Ainda nesses últimos dias, Helen viu uma luz branca e inspiradora que se aproximou dela, levantou-a da cama e depois a deitou novamente

Como já disse, nesses últimos anos a distância entre nós crescera muito. Queria cuidar dela, mas não tinha mais certeza de que a amava. Um dia, quando ela estava muito perto de morrer, senti uma agitação interna que não podia entender. Quando fui ao hospital para lhe dar o jantar, como fazia sempre, vi-me de repente dizendo a ela que a havia amado muito, que ela significara muito para mim e que ela havia contribuído imensamente para manter a nossa longa união. Senti que já havia dito todas essas coisas para ela antes, mas naquela noite tiveram uma intensidade e sinceridade que nunca havia tido antes. Disse-lhe que não se sentisse obrigada a viver, que tudo estava bem com a sua família e que ela devia se sentir livre para viver ou morrer, como ela o desejasse. Disse também que esperava que a luz branca voltasse naquela noite.

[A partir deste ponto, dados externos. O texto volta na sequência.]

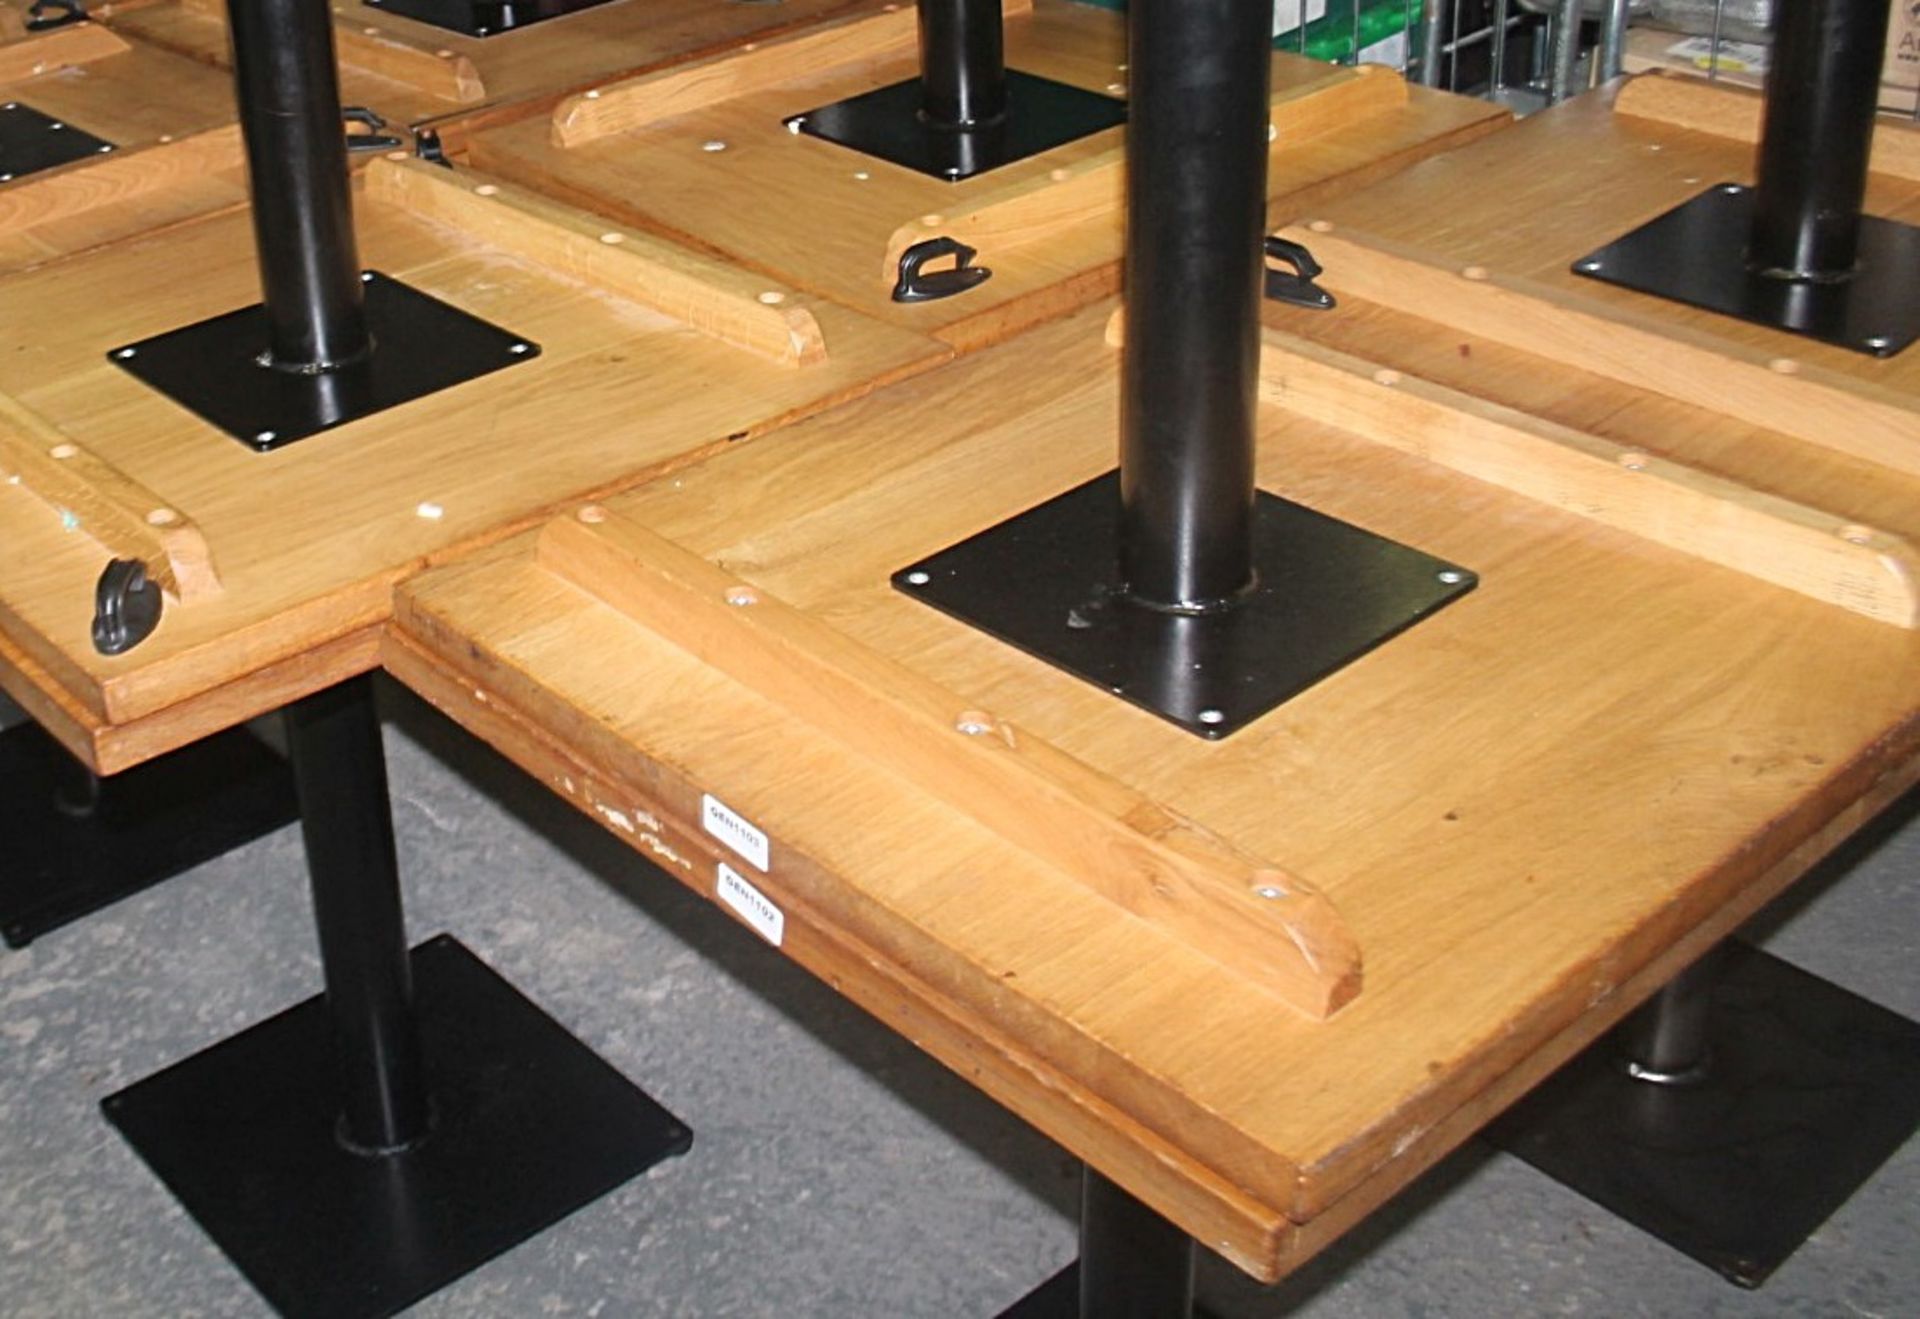 4 x Solid Oak Restaurant Dining Tables - Natural Rustic Knotty Oak Tops With Black Cast Iron Bases - - Image 6 of 7

Evidentemente, eu a estava libertando da idéia de que devia viver – para os outros. Mais tarde soube que, quando a deixei, ela chamou as enfermeiras daquele andar, agradeceu-lhes por tudo o que haviam feito por ela e lhes disse que ia morrer.

Pela manhã, ela estava em coma e na manhã seguinte morreu em paz, enquanto sua filha segurava-lhe a mão, diante de mim e de muitos amigos.

Naquela noite, alguns amigos tiveram uma sessão com a aquela médium. Logo entraram em contato com Helen, que respondeu a muitas perguntas: ela havia ouvido tudo o que se dissera enquanto estava em coma; ela havia visto a luz branca e Espíritos vindo em direção a ela; estava em contato com sua família; ela tinha agora o aspecto de uma mulher jovem; sua morte havia sido pacífica e indolor.

Todas essas experiências que estou mais sugerindo do que propriamente descrevendo, neste capítulo, tornaram-me muito mais aberto á hipótese da continuação do espírito humano, coisa que jamais acreditei ser possível. Essas experiências provocaram em mim um grande interesse por todo tipo de processo de fenômenos paranormais. Modificaram completamente minha concepção do processo da morte. Agora considero possível que cada um de nós seja uma essência espiritual contínua, que se mantém através dos tempos e que ocasionalmente se encarna num corpo humano.

É óbvio que todas essas considerações contrastam frontalmente com algumas passagens desse capítulo, escrito há apenas dois anos atrás.

NOTA DO BLOG: A cultura espiritualista anglo-saxônica sempre teve dificuldades para aceitar a reencarnação como lei natural, fato que Kardec já havia observado em artigo na Revue, afirmando que tal aceitação era questão de tempo. Essa mesma cultura, embora aceitando a manifestação dos Espíritos, ainda vem carregada do imaginário mitológico bíblico, como essa descrição que Helen, no leito de morte, fez sobre a aparição de entidades pouco iluminadas. Sobre a concepção panteísta emitida por Rogers, da perda da individualidade após a morte, Kardec também refletiu sobre o assunto em “Obras Póstumas”, quando compara essas e outras teses com o Espiritismo.

Um Jeito de Ser – EPU – São Paulo, 1983.